Fight Like Apes - Whigfield Sextape

Fight Like Apes burst forth with a youthful explosion of noise. The opening track of ‘How Am I Supposed to Kill You if You Have All The Guns?’ is named after a leather jacket-clad character from ‘California Dreams’, after all. Lead single Lend Me Your Face, meanwhile, was as violent in its sonic assault as it was in its lyrical content.

 It was anti-love, anti-melody anti-pop. It was like nothing we’d heard before and it was fantastic. But that was in 2007, a long time ago in many ways.

Sadly for both the fans and the band, each step forward in their career since has been a step down from this peak; each subsequent release less interesting than the one that had preceded it. For people hoping that trend could be arrested, the break the band took – it’s been three and a half years since ‘The Body of Christ and the Legs of Tina Turner’ was released – could be viewed as a good thing.

It does seem like Fight Like Apes have taken the time to stand back and review exactly what they were doing. They needed to step away from their modus operandi and look at it afresh through new eyes. Unfortunately, the eyes of the four-piece – only MayKay and Pockets remain from the original line-up – are no longer the 21 year old eyes they were circa ‘How Am I Supposed to Kill You…’.

Fight Like Apes are in their late 20s and, as much as they try to hold that back, it comes out in their sound. MayKay croons and laments where once she was the purveyor of uncouth screams. “Playing a lady for today,” she sings on Crouching Bees, though we’re not sure the effects won’t be more long-lasting.

Whether or not the “Hey-aye-ey-aye-ey!” of the chorus is a subtle wink to the dirge that is Galway Girl, it seems endemic of a more mature, civilised Fight Like Apes. The tune is upbeat and enjoyable, but never really offers that punch of songs gone by.

It seems like Fight Like Apes have railed against the aging process in terms of their lyrics. “We’ll make you records with knives and forks/We’re making tunes with spinal cords,” MayKay sings on bwah! . Their melodic tunes, however, betray this aesthetic.

The Hunk and The Fun Palace is the biggest throwback to what they’ve done before. Still, it sounds like a poor man’s Jake Summers. The chorus of “Roll over, play satisfied”, for example, just says nothing of any consequence.

Tyson has a catchy, wordless chorus. “Don’t leave this band, you’ll go insane”, as Pockets chants over the closing chords, mirrors McLusky’s “Our old singer is a sex criminal” from She Will Only Bring You Happiness; a song FLApes recently credited as an important factor in the formation of the band. It does serve as a good outro; a rare glimpse of colour in an EP of greys, but it only comes after 90% of the EP has already elapsed.

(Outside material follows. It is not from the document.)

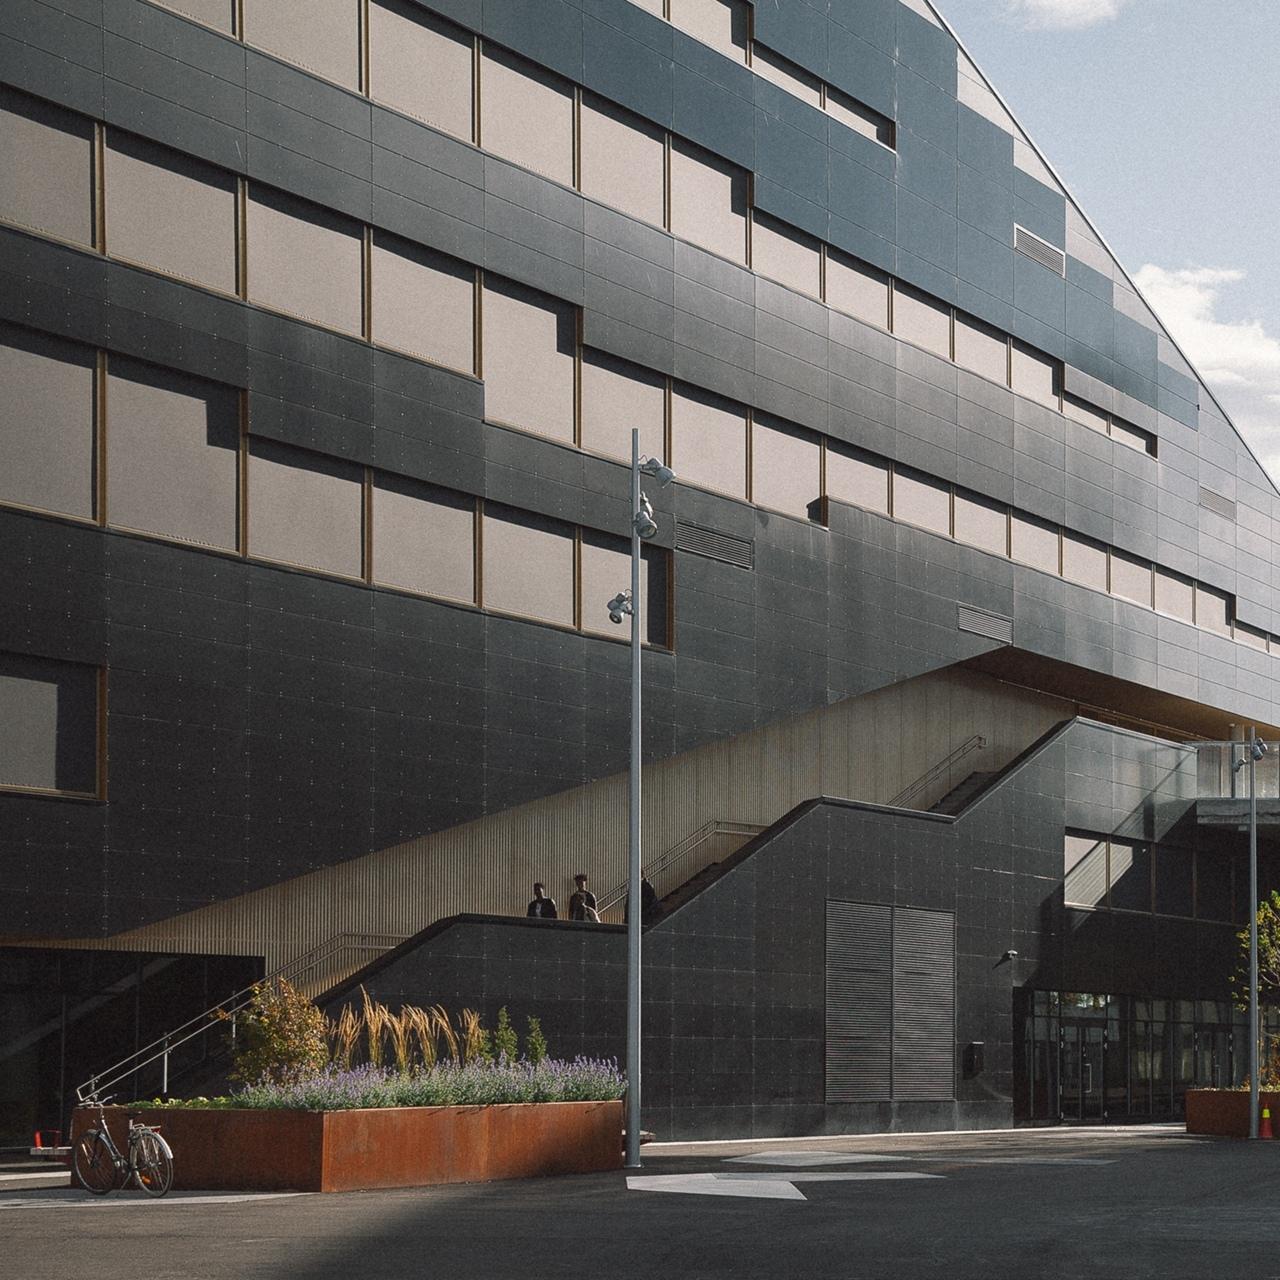 Powerhouse Brattørkaia (2012-2019) от архитектурного бюро Snøhetta
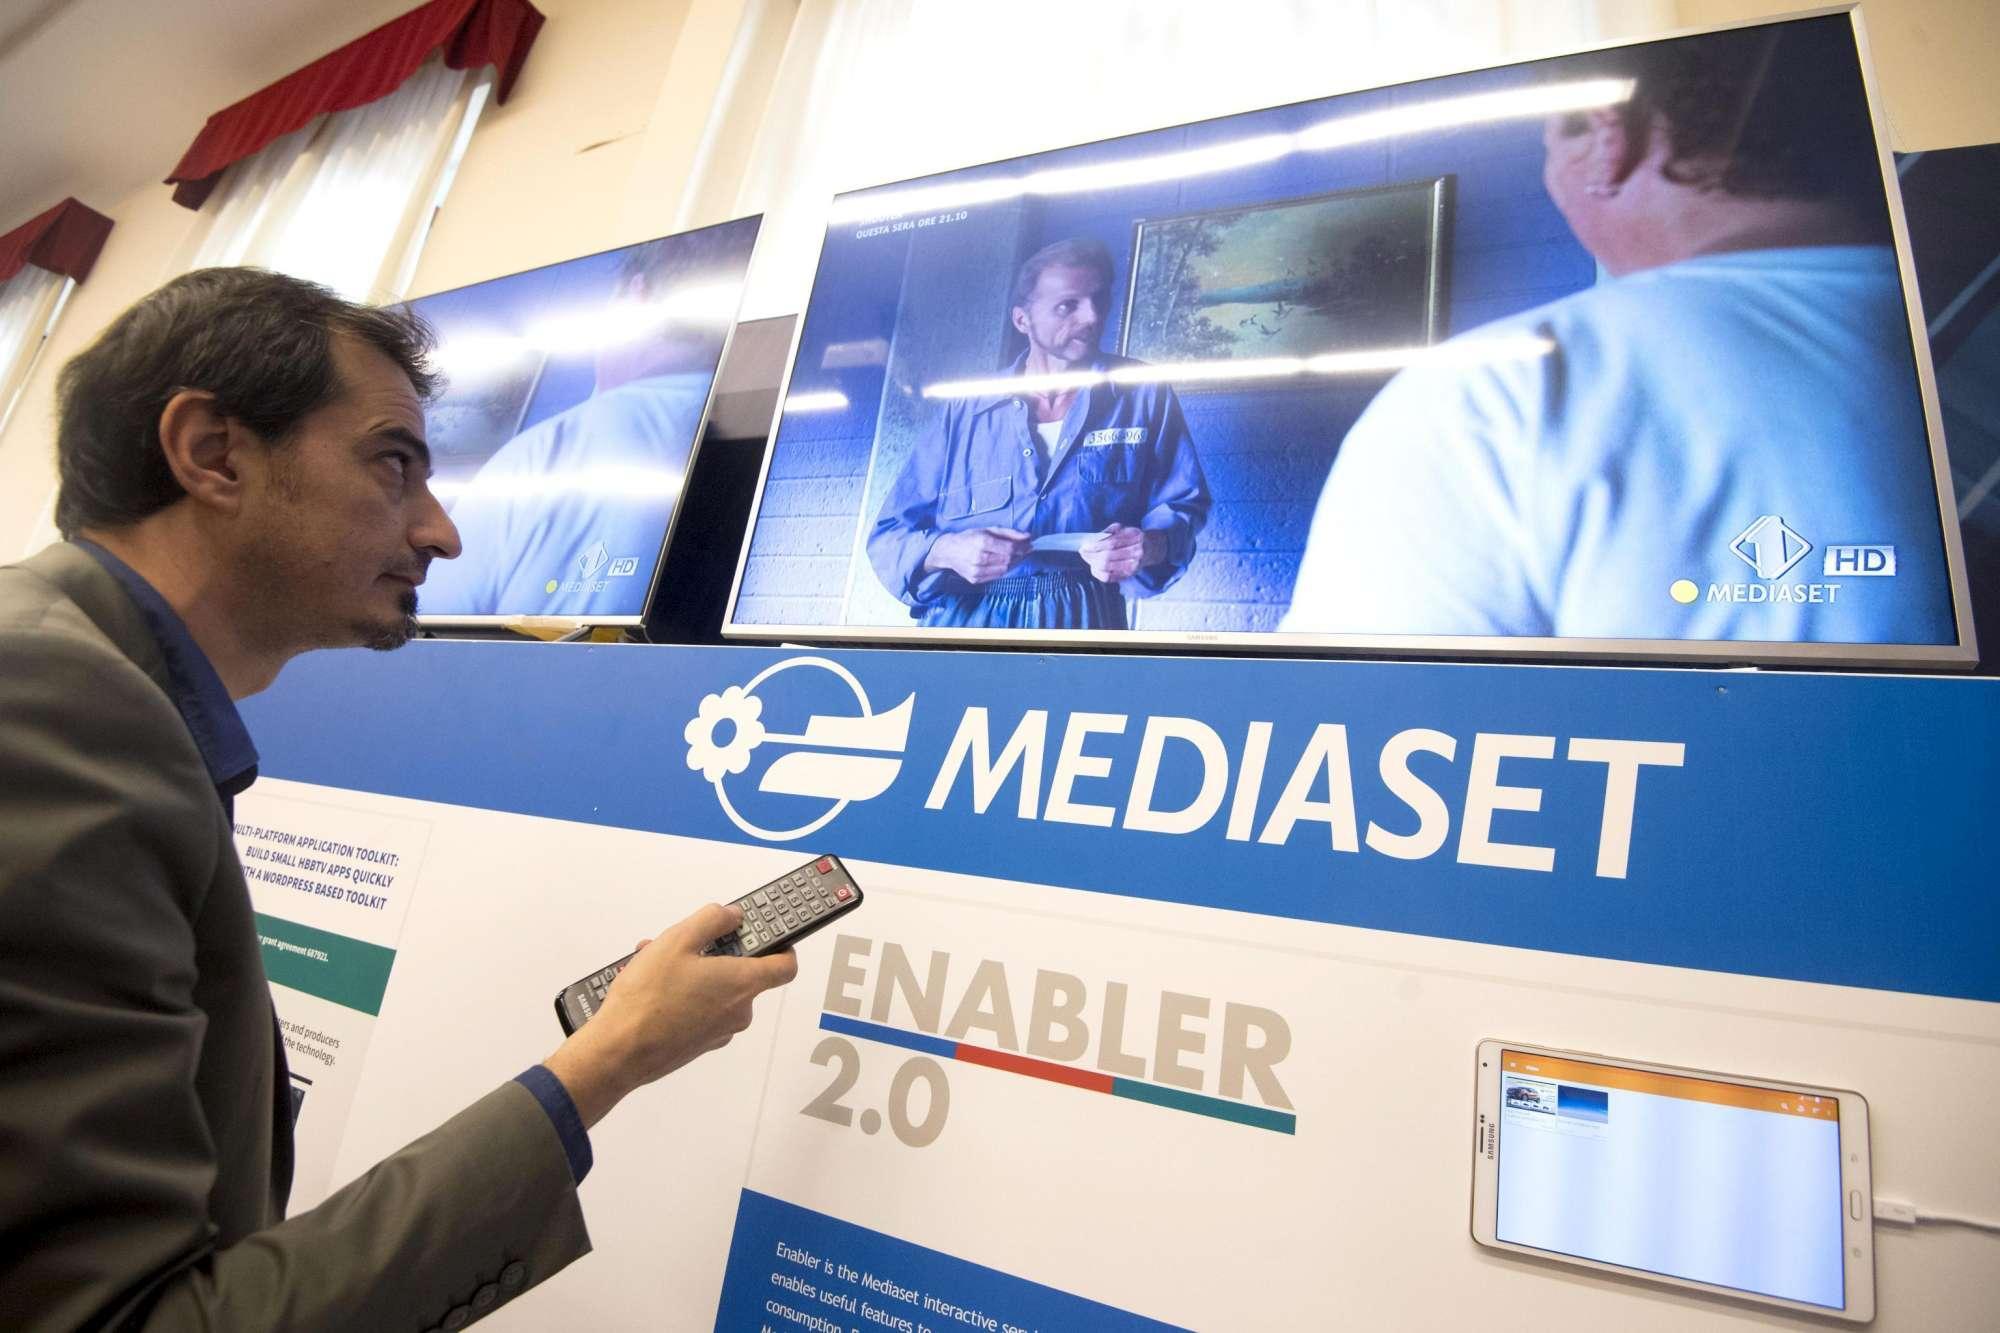 Tv ibrida e interattiva, piattaforma Mediaset Enabler 2.0 a partire da giugno 2018

This is no hastily cobbled together collection – we’ve waited long enough for it anyway. It seems deliberated over, rehearsed and exacting. The problem is, that’s not what we want from Fight Like Apes.

Fight Like Apes no longer sound like brash, uncivilised louts. There is no immediacy in ‘Whigfield Sextape’, except perhaps the slight smirk its very title elicits. It’s decent electro-pop, but it’s oh-so generic and that’s one thing Fight Likes Apes never were before.